**EXERCISE OBJECTIVE:** Take the records below and set down exactly the lines from the one with "telephone ancien sncf" to the one with "N Scale - Lima", ends included; do not copy the pictures.

**DATA TO PROCESS:**
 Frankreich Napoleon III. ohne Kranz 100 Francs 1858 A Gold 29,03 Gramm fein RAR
==
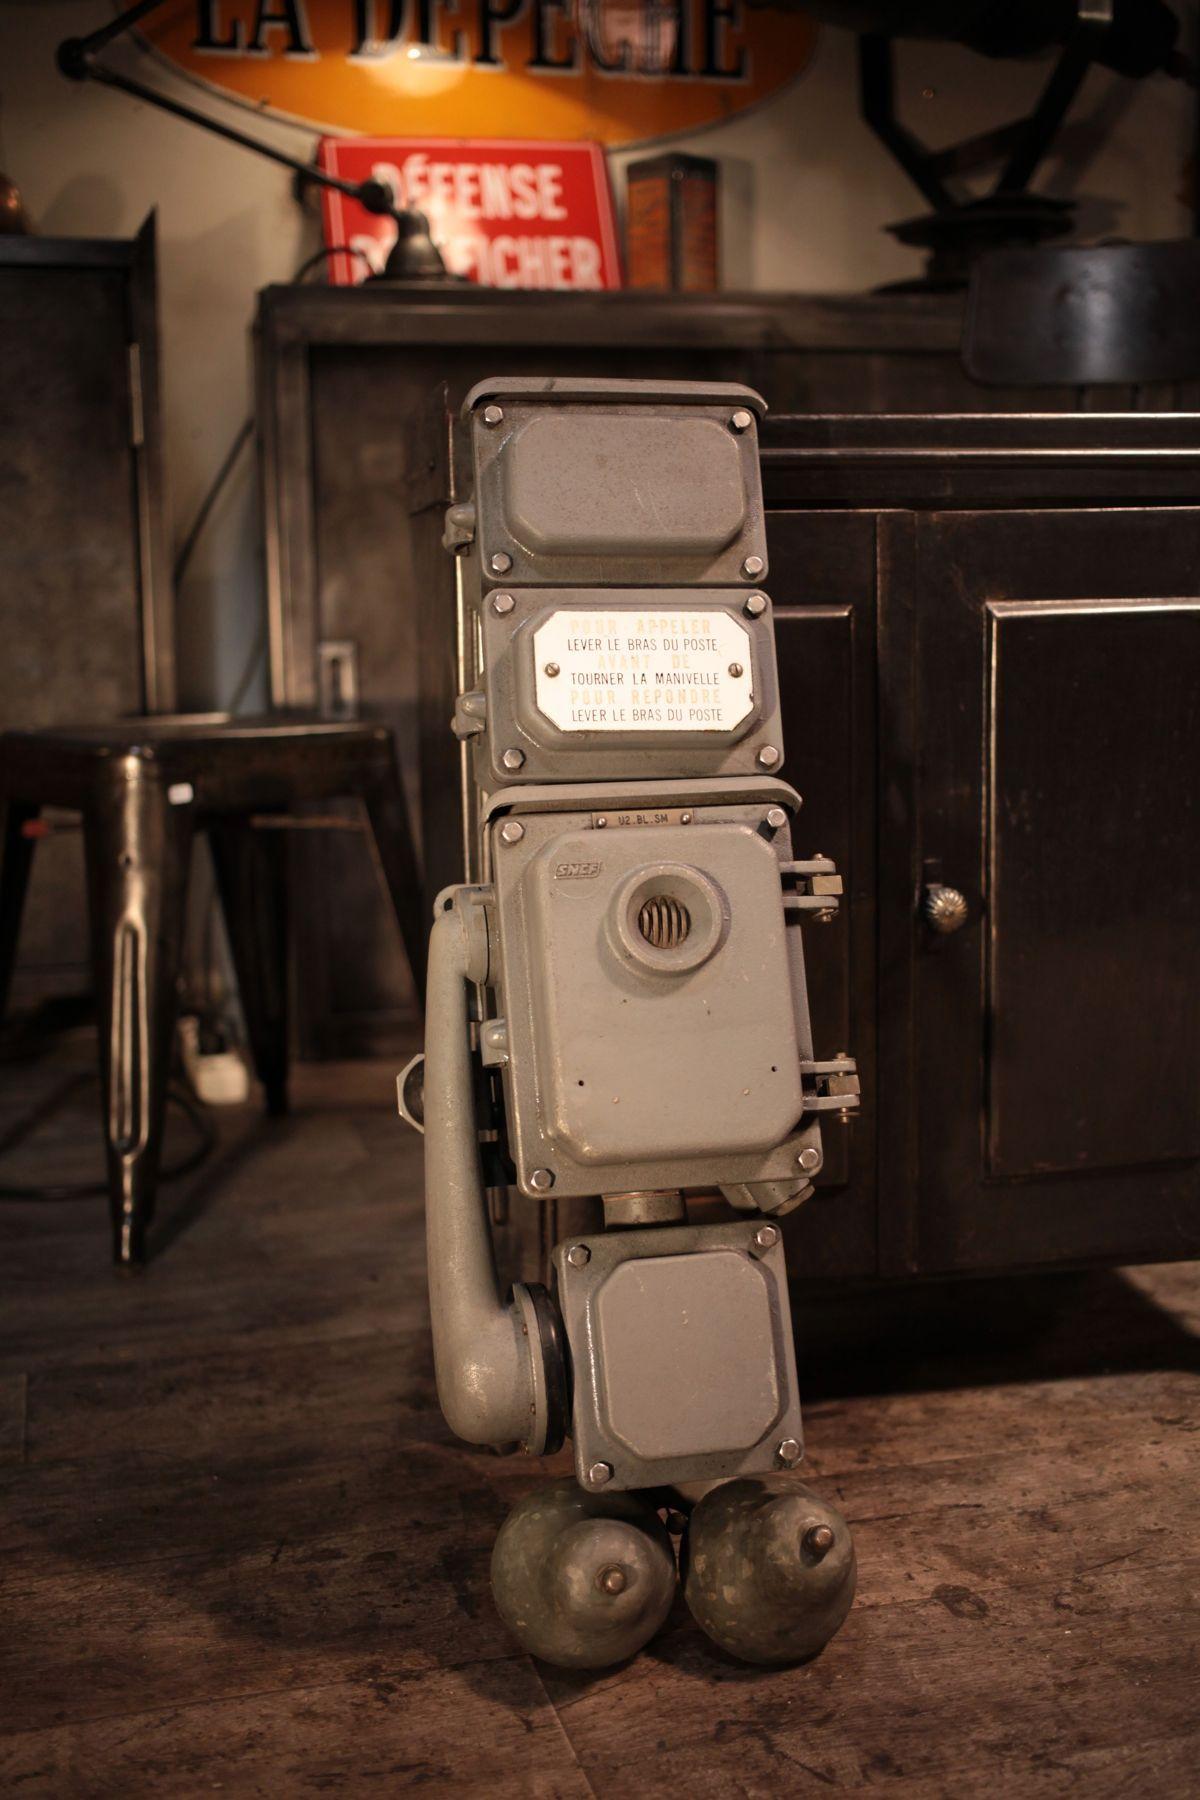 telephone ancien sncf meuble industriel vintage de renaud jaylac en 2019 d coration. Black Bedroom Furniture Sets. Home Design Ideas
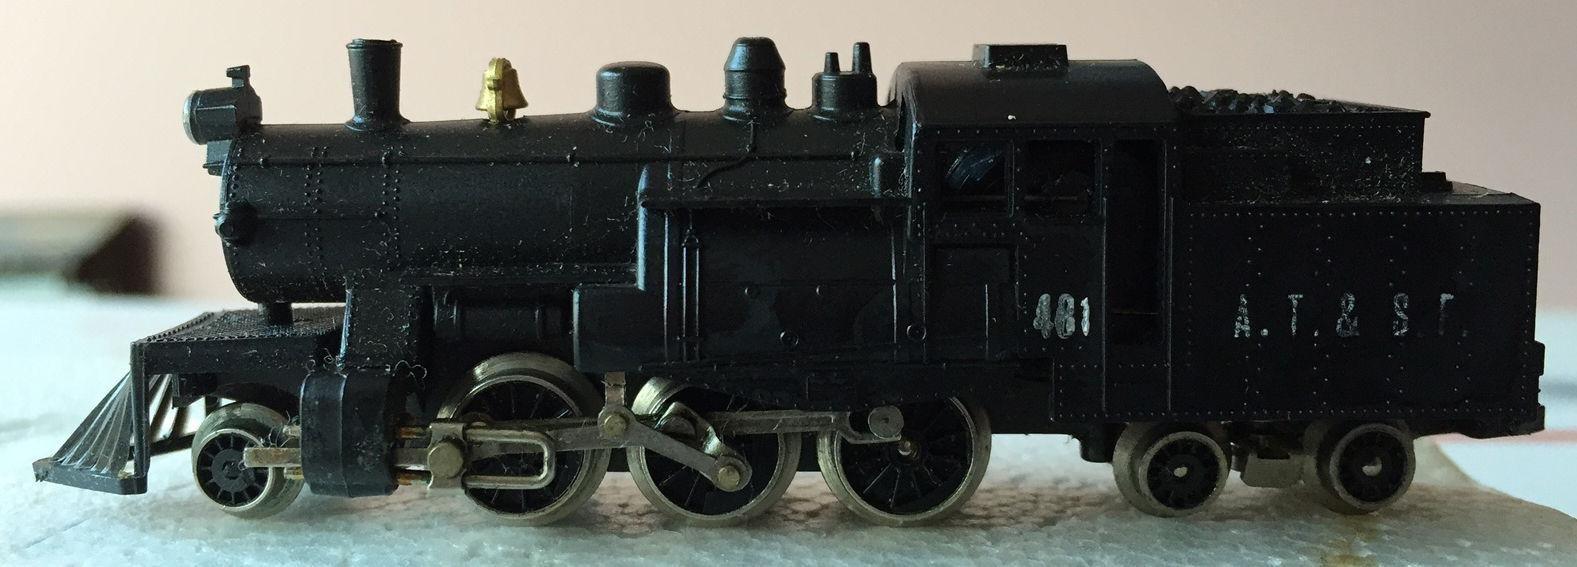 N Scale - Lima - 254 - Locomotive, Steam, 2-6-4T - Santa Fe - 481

**WRITTEN ANSWER:**
 telephone ancien sncf meuble industriel vintage de renaud jaylac en 2019 d coration. Black Bedroom Furniture Sets. Home Design Ideas
 N Scale - Lima - 254 - Locomotive, Steam, 2-6-4T - Santa Fe - 481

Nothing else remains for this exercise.